Prompt: Repeat every line from the line containing "Next Door Studios: Julian" to the end of the data, exactly. Leave the pictures out.

··· Dataset excerpt ···

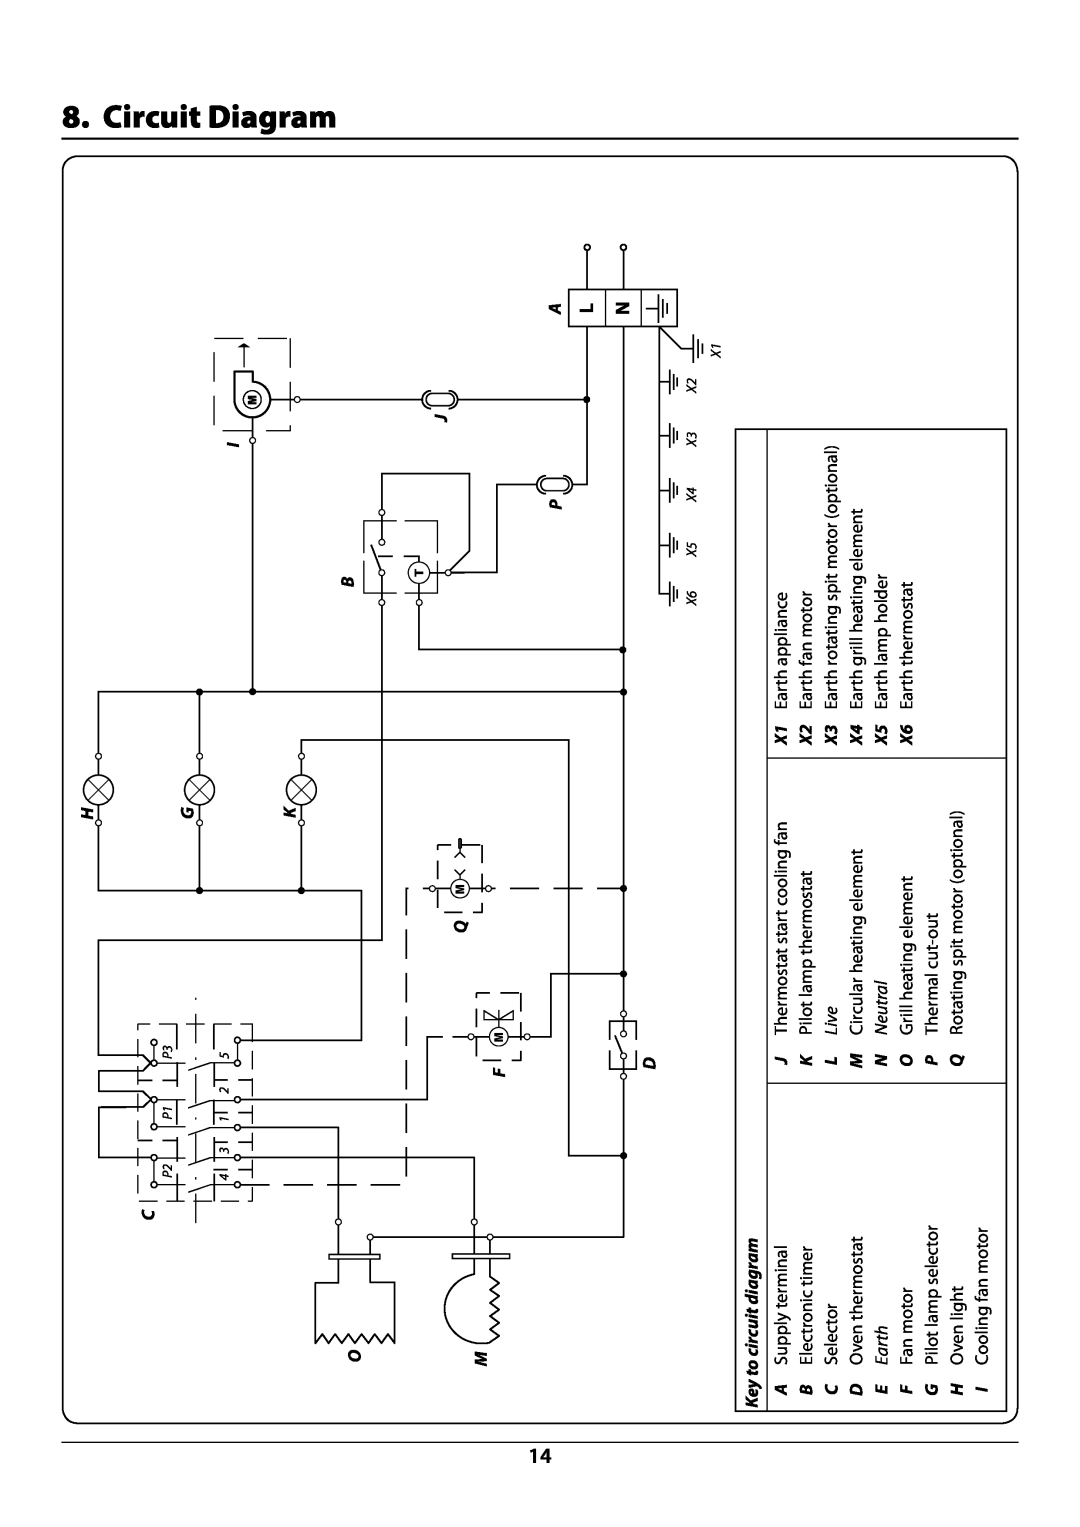 Rangemaster manual Circuit Diagram, DocNo, Key to circuit diagram, 094-0001, L Live, Circuit diagram R604/R609 oven 
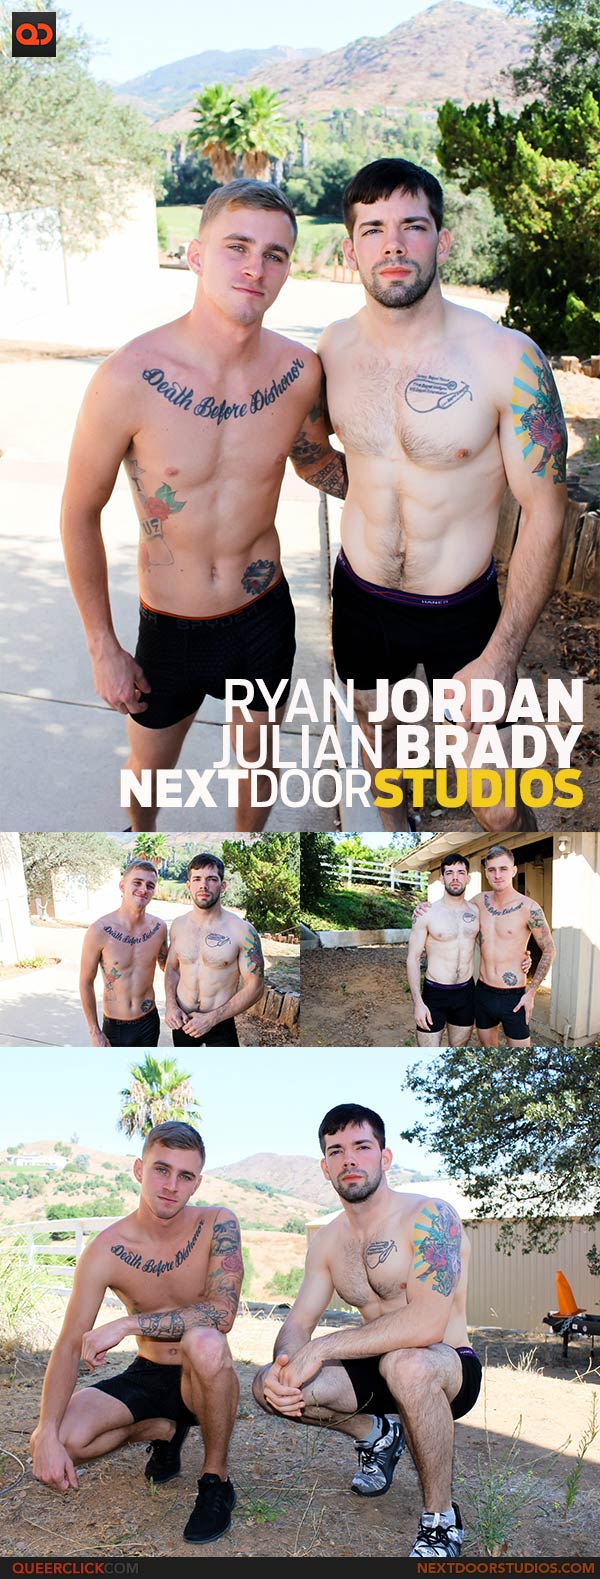 Next Door Studios: Julian Brady and Ryan Jordan - Hardcore Casting
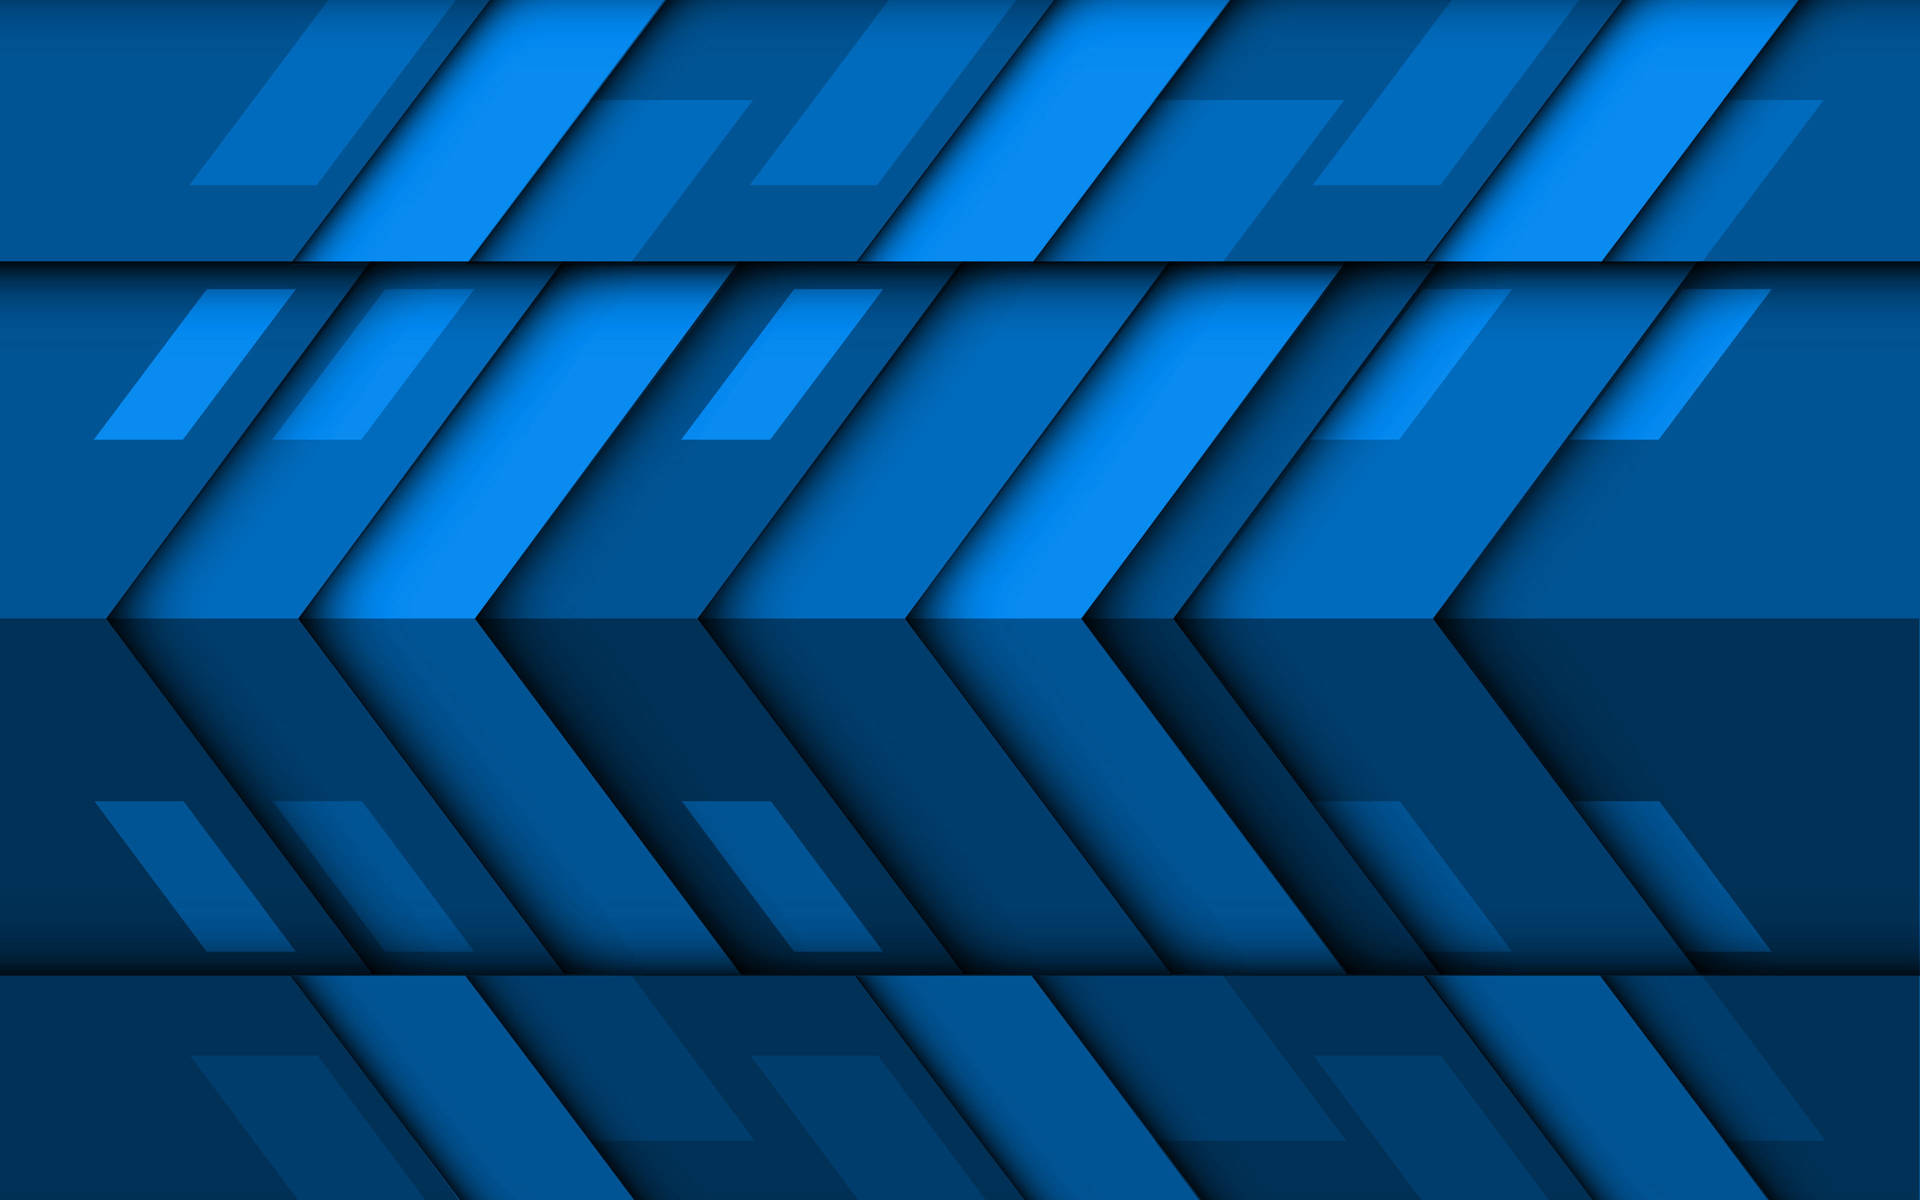 Blue Arrow Material Design Wallpaper

···

Output below:
 Next Door Studios: Julian Brady and Ryan Jordan - Hardcore Casting
 Blue Arrow Material Design Wallpaper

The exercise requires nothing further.